Behold the Warmoth Gecko bass guitar (this one's Warmoth's....not mine)!
This will be the story of one man's journey from dreamer, to exasperated luthier, and, hopefully, onwards to a very satisfied, and proud, owner of a fully-custom Warmoth Gecko 5-string bass guitar.

Thursday, 2 May 2013

Fettling

Warmoth's business is making guitar and bass kits, virtually any way you can imagine them. Having said that, it must be still necessary to impose limitations based around industry, or generally understood standards.
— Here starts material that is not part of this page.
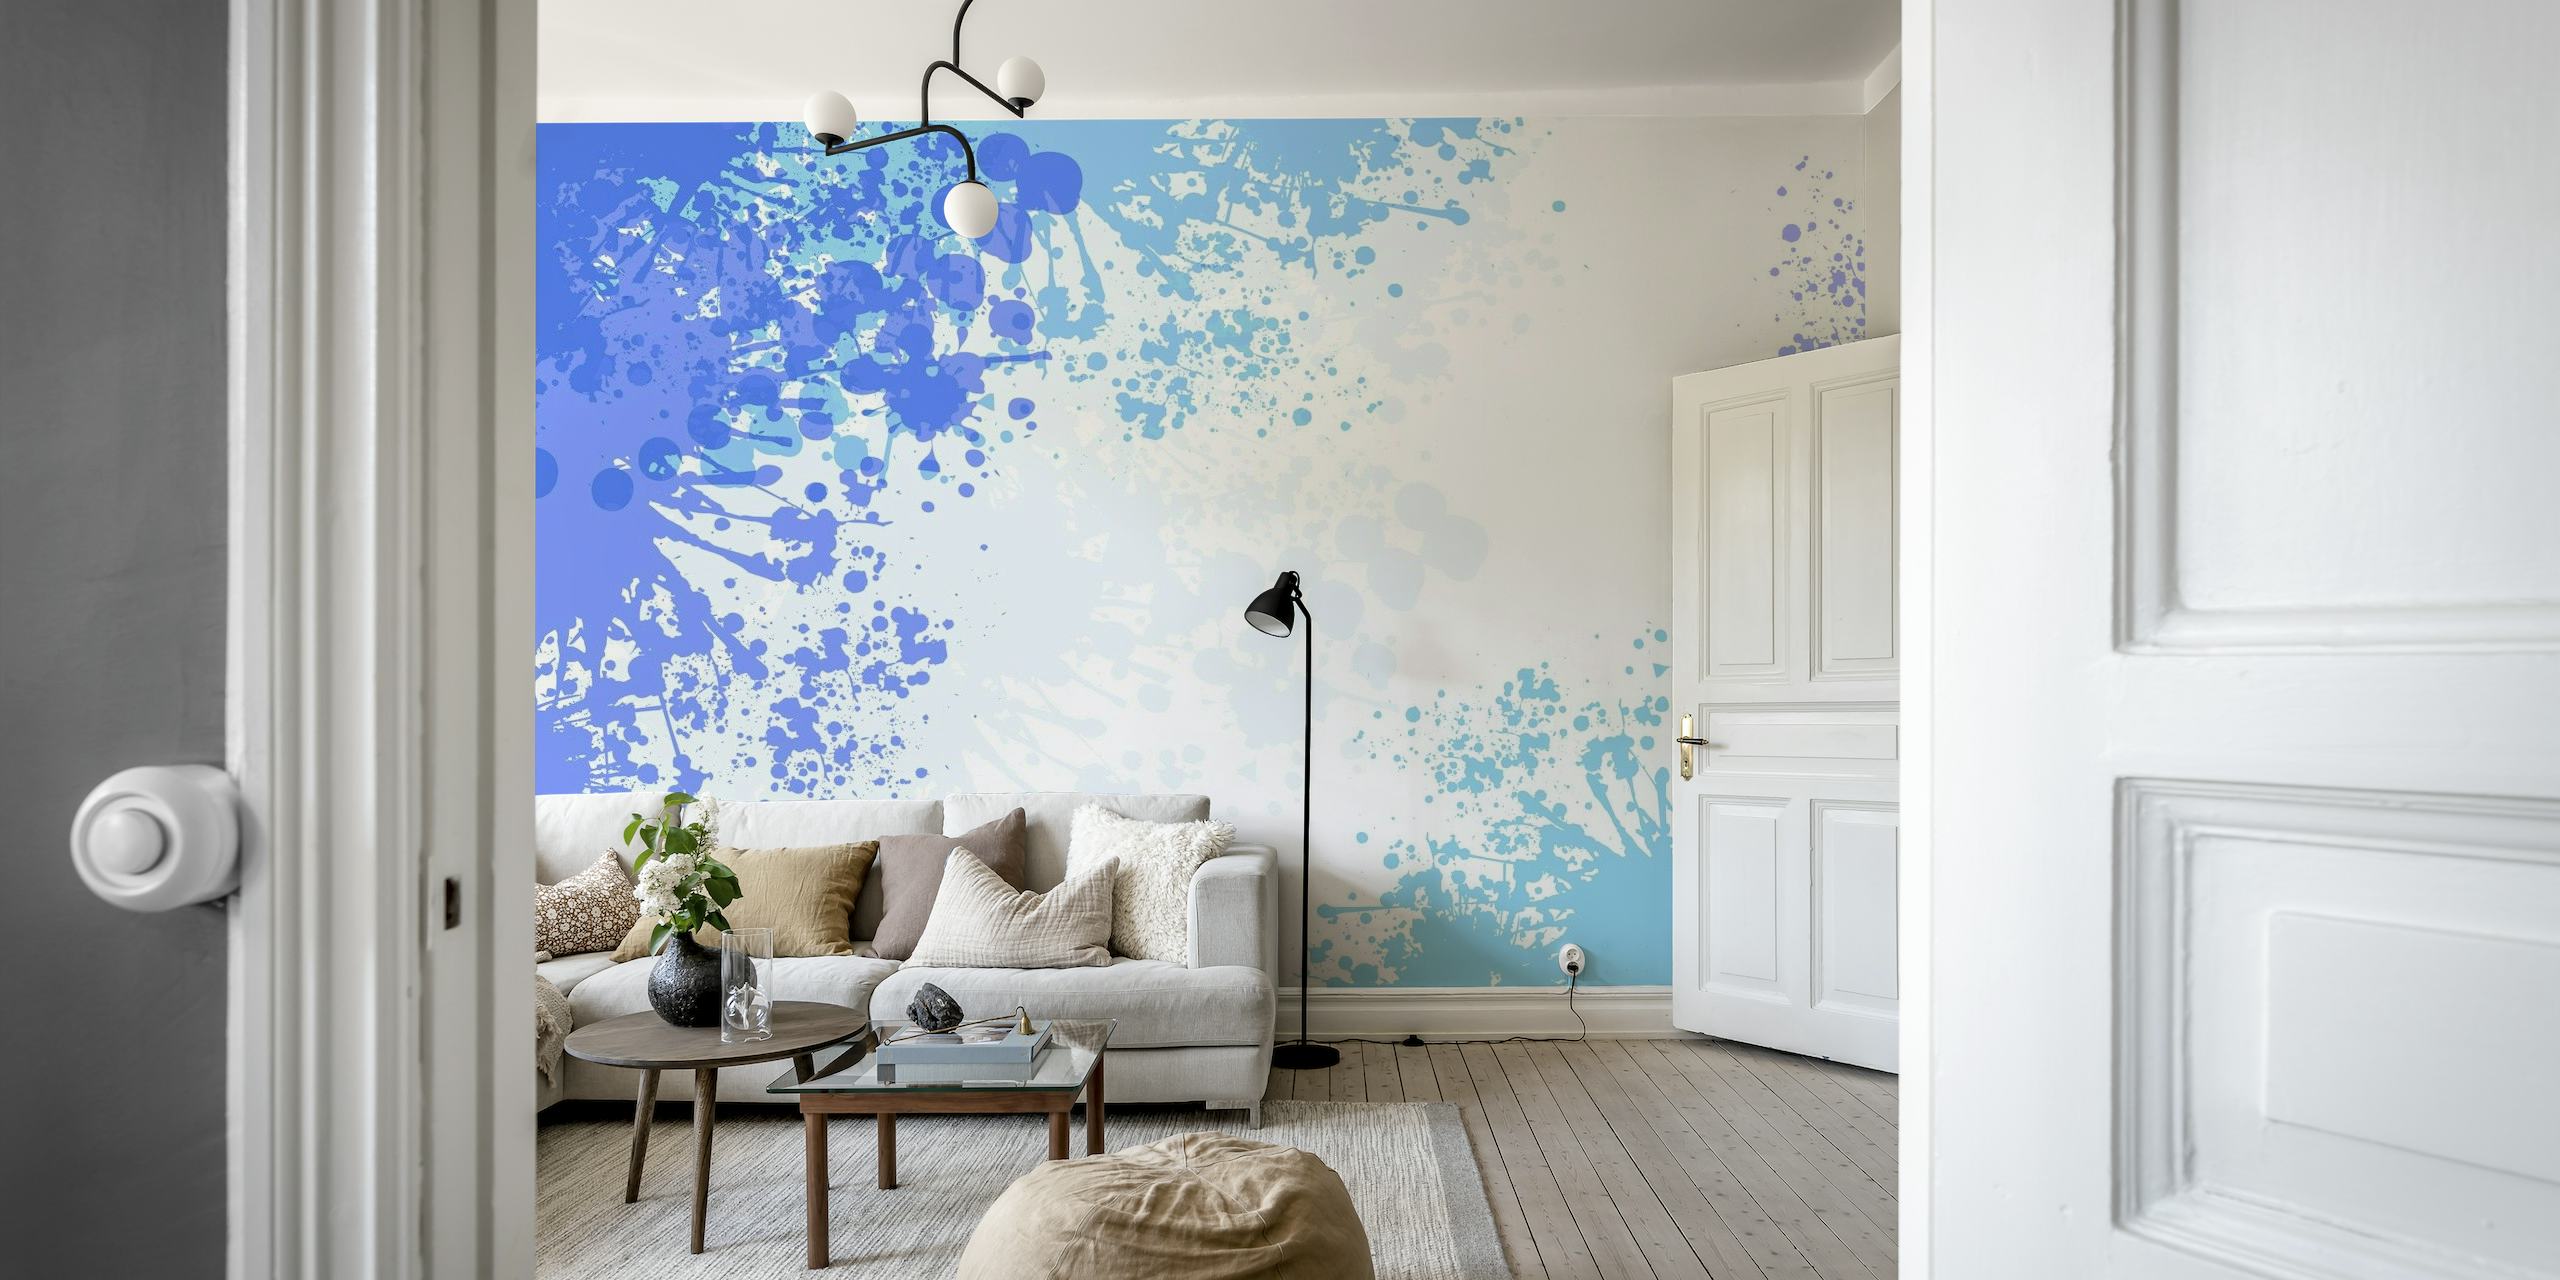 Abstrakt lyseblå splash art vægmaleri med en blanding af hvide og dybere blå drypper på en væg.

And this is where I faced my first, unexpected hurdle.

The pickup routing option was selected from the list of standard offerings, being a Jazz style for the neck and a Musicman lugless for the bridge, in the "sweet spot" position. It turns out that either the Delano Musicman case has a slightly smaller than standard corner radius, or the corner radius in the routing is oversize. The result being that although the pocket is OK for width and height, the bridge pickup wouldn't drop into the routing. A fitting job was about to begin.

 I didn't get out the router, or even the 80-grit sandpaper. Following the established methodology for the project thus far, excruciatingly slow but steady was the way forward. I found a plastic ball point pen with a close-enough radius, and wrapped it in 400-grit wet & dry sandpaper. The next hour or so was spent wearing away the corners until the pickup fitted the pocket. In the back of my mind is the plan to line the pickup cavities with copper tape, so there needs to be at least a tiny bit of clearance to allow for the foil.


Another job done. It wasn't in the plan but I feel that progress has been made.